Data supplied:
────────
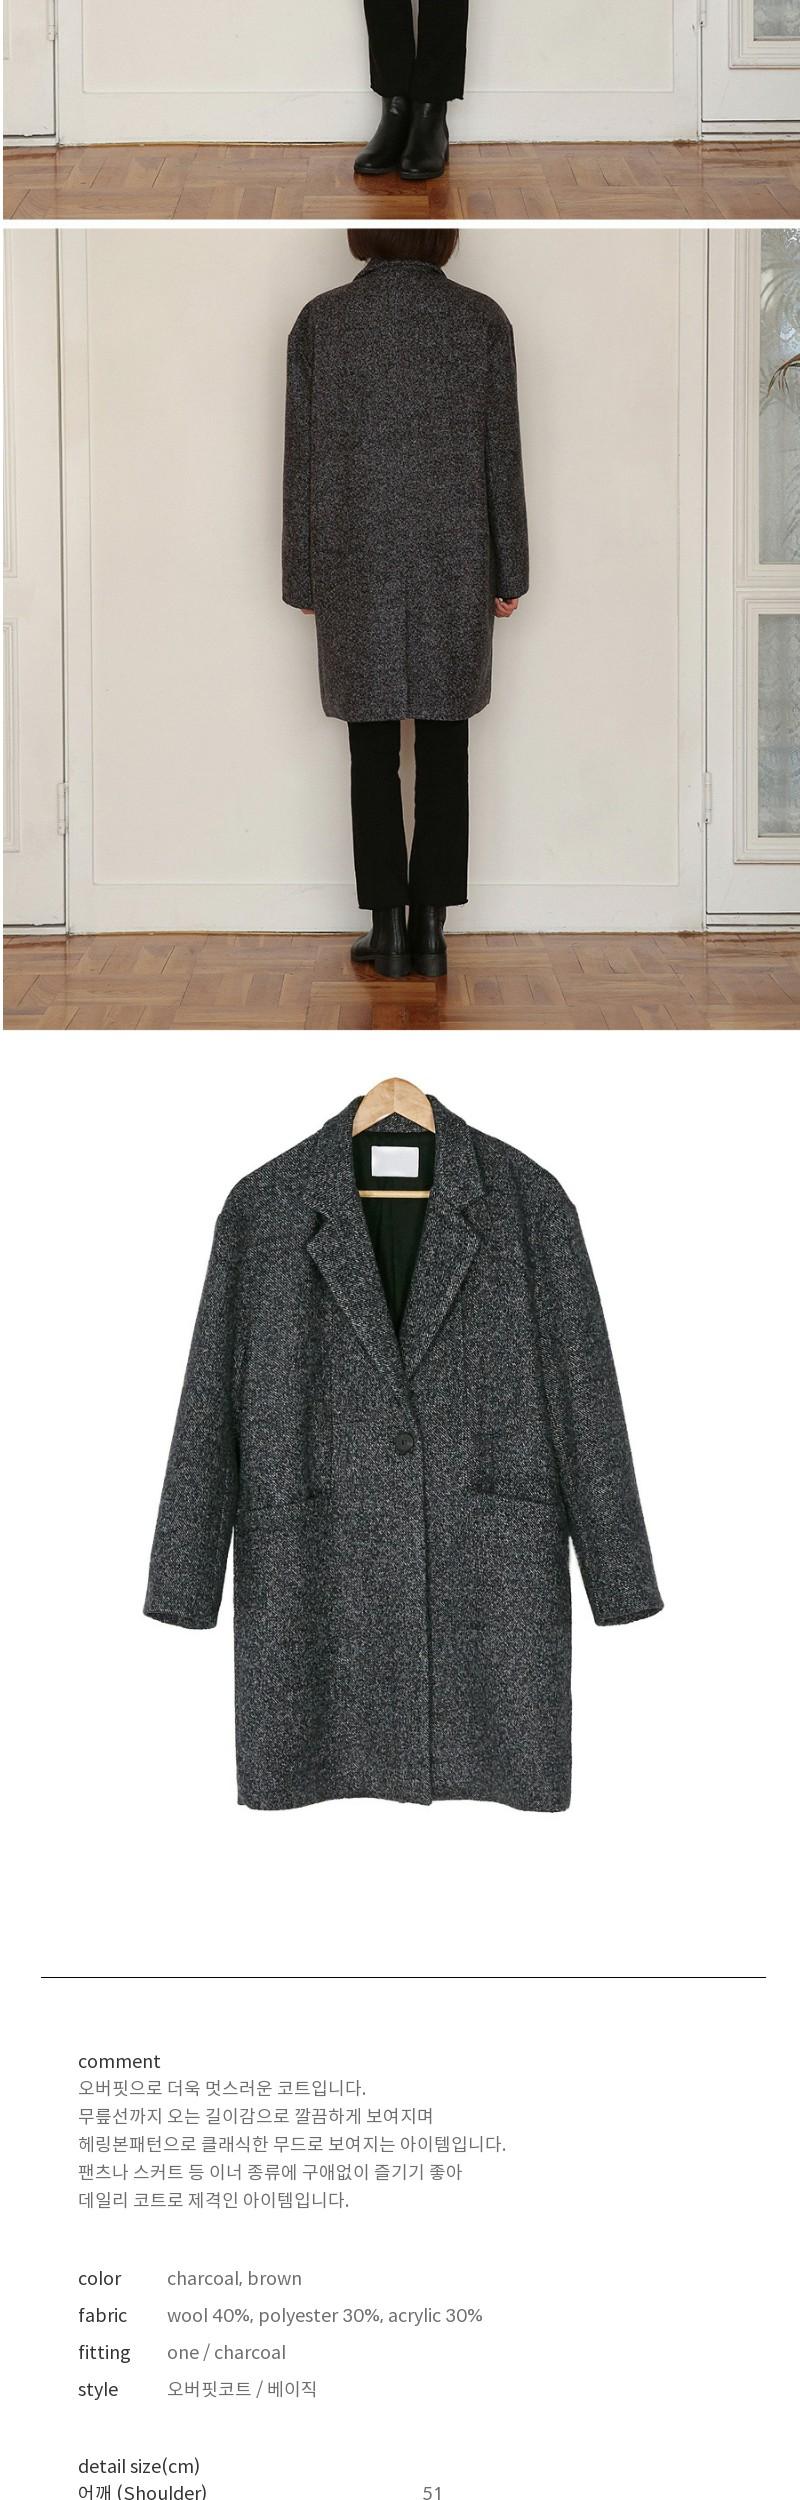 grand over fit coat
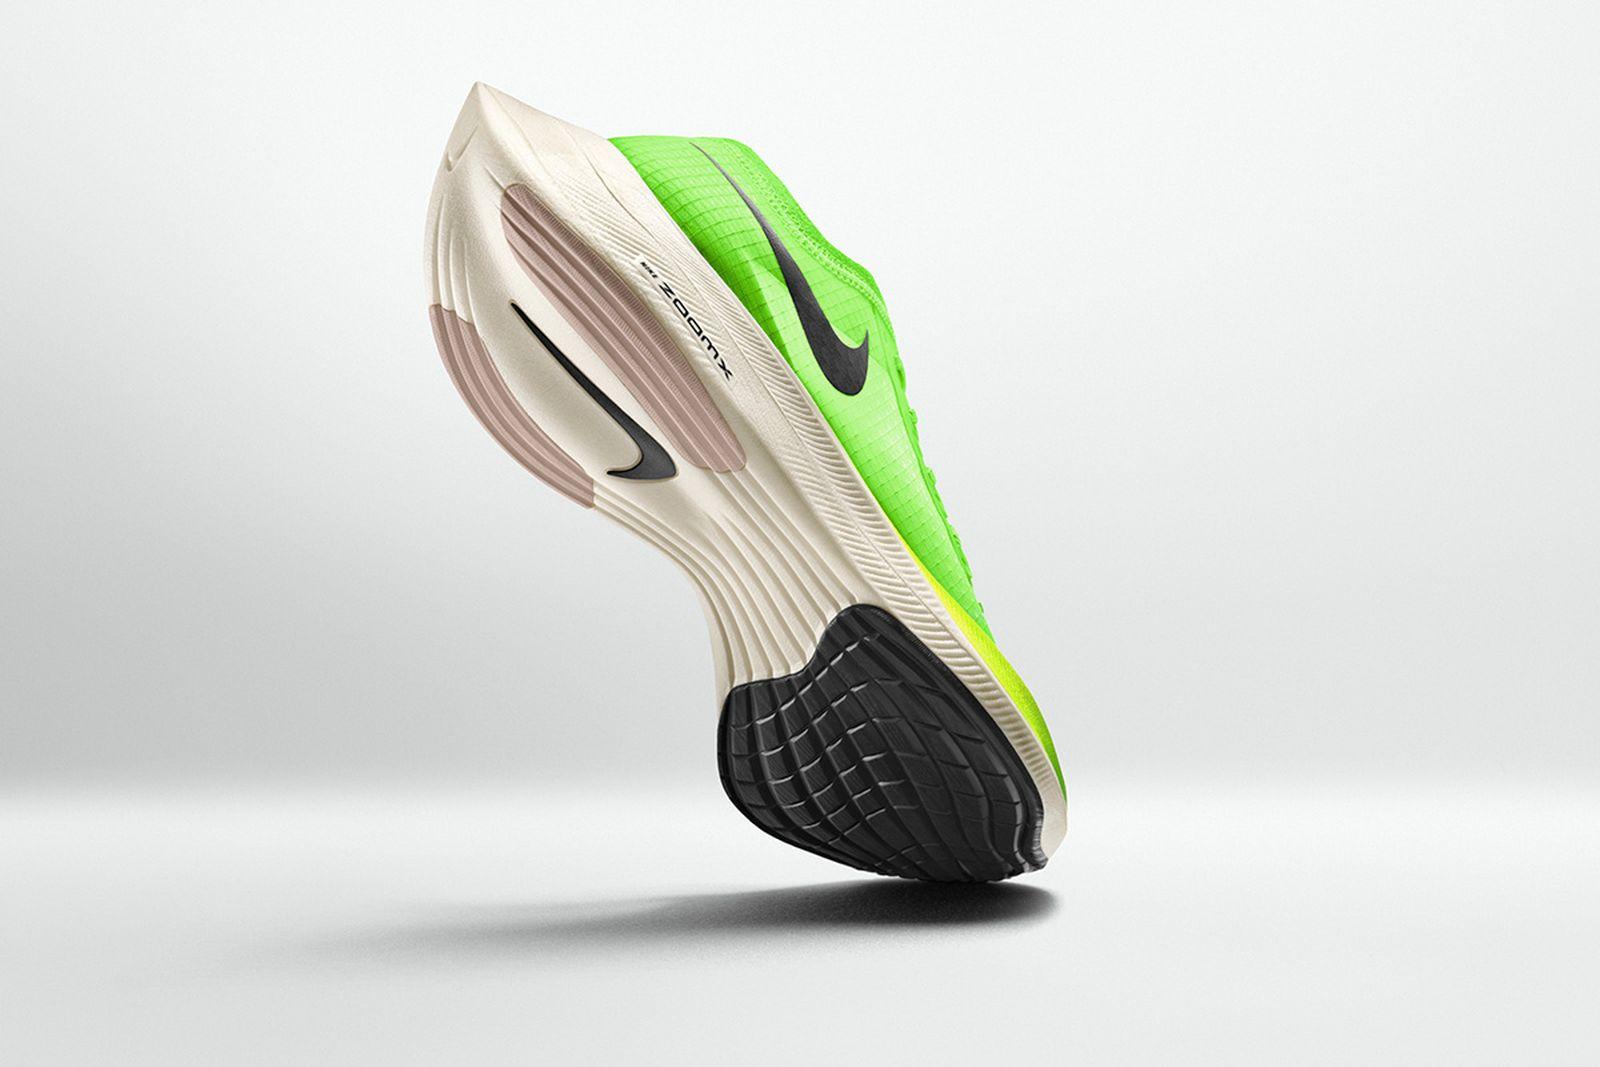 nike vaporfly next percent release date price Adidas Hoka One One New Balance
────────
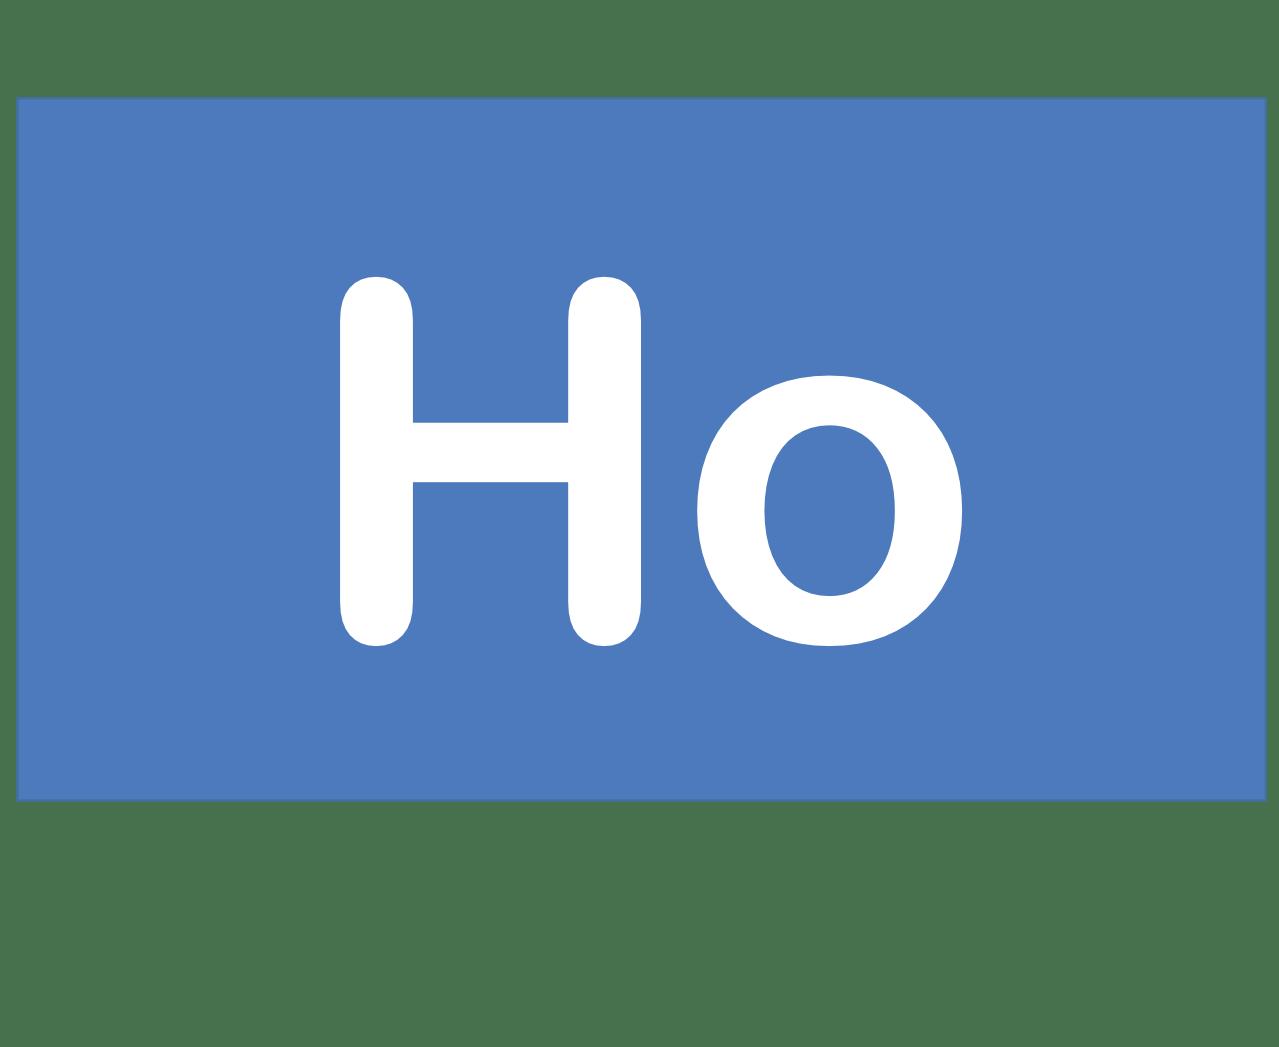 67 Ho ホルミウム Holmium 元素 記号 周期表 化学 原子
────────
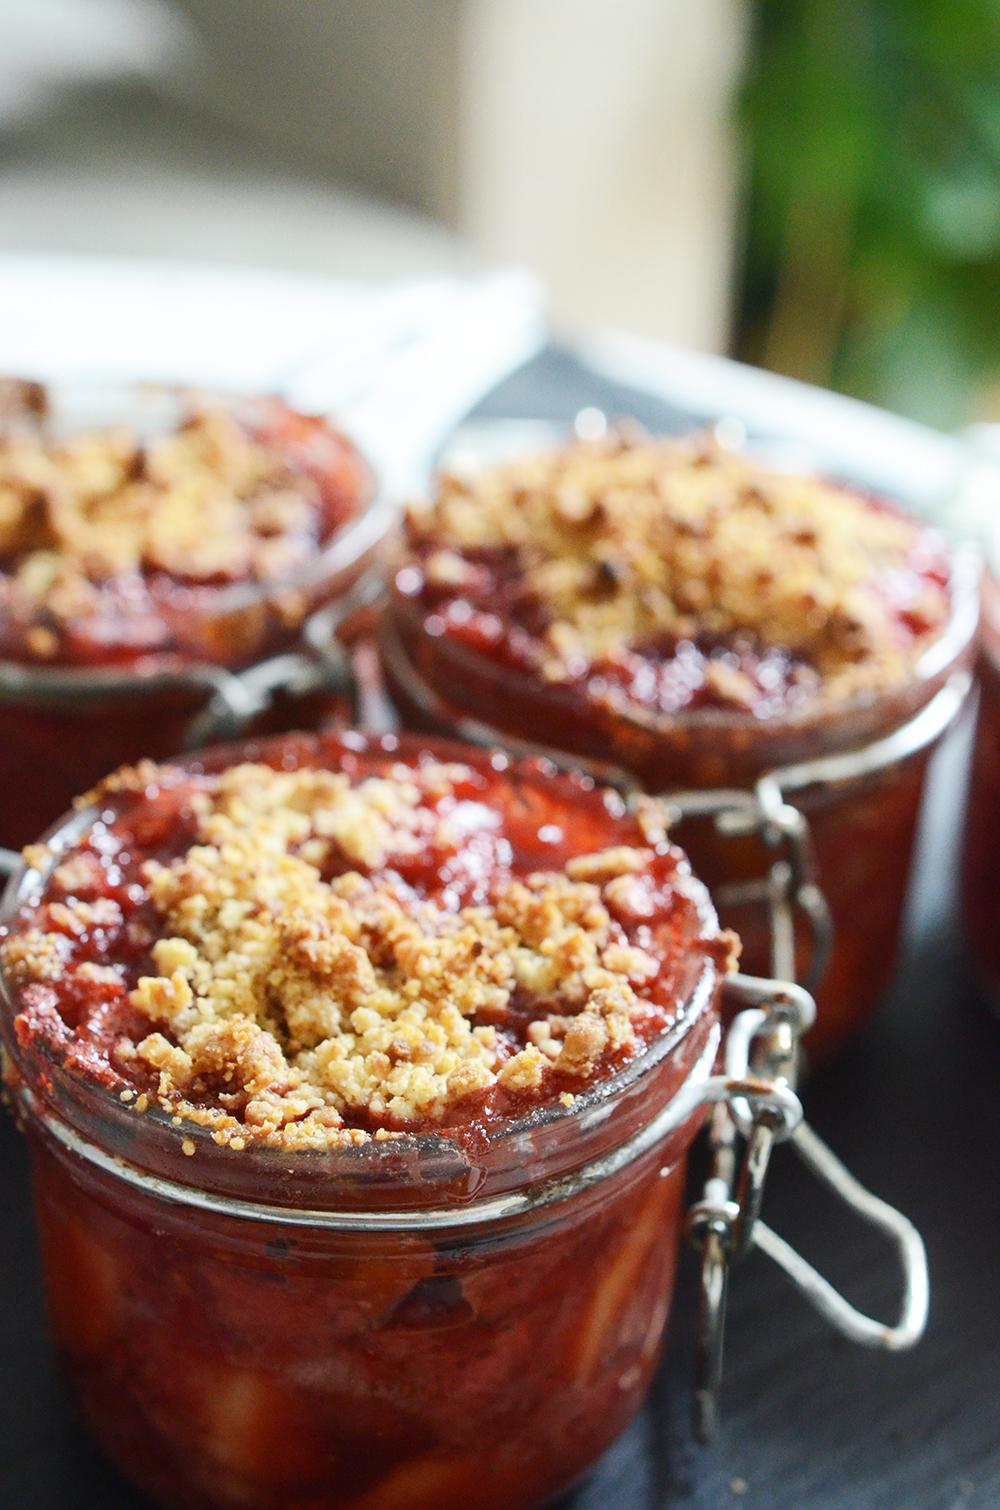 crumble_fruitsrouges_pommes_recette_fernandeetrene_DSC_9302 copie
────────
Instructions for the task: In the records above, find the line with "grand over fit coat" and the line with "nike vaporfly next"; please transcribe exactly those two lines and all lines between them, omitting any picture.

Result of the task:
 grand over fit coat
 nike vaporfly next percent release date price Adidas Hoka One One New Balance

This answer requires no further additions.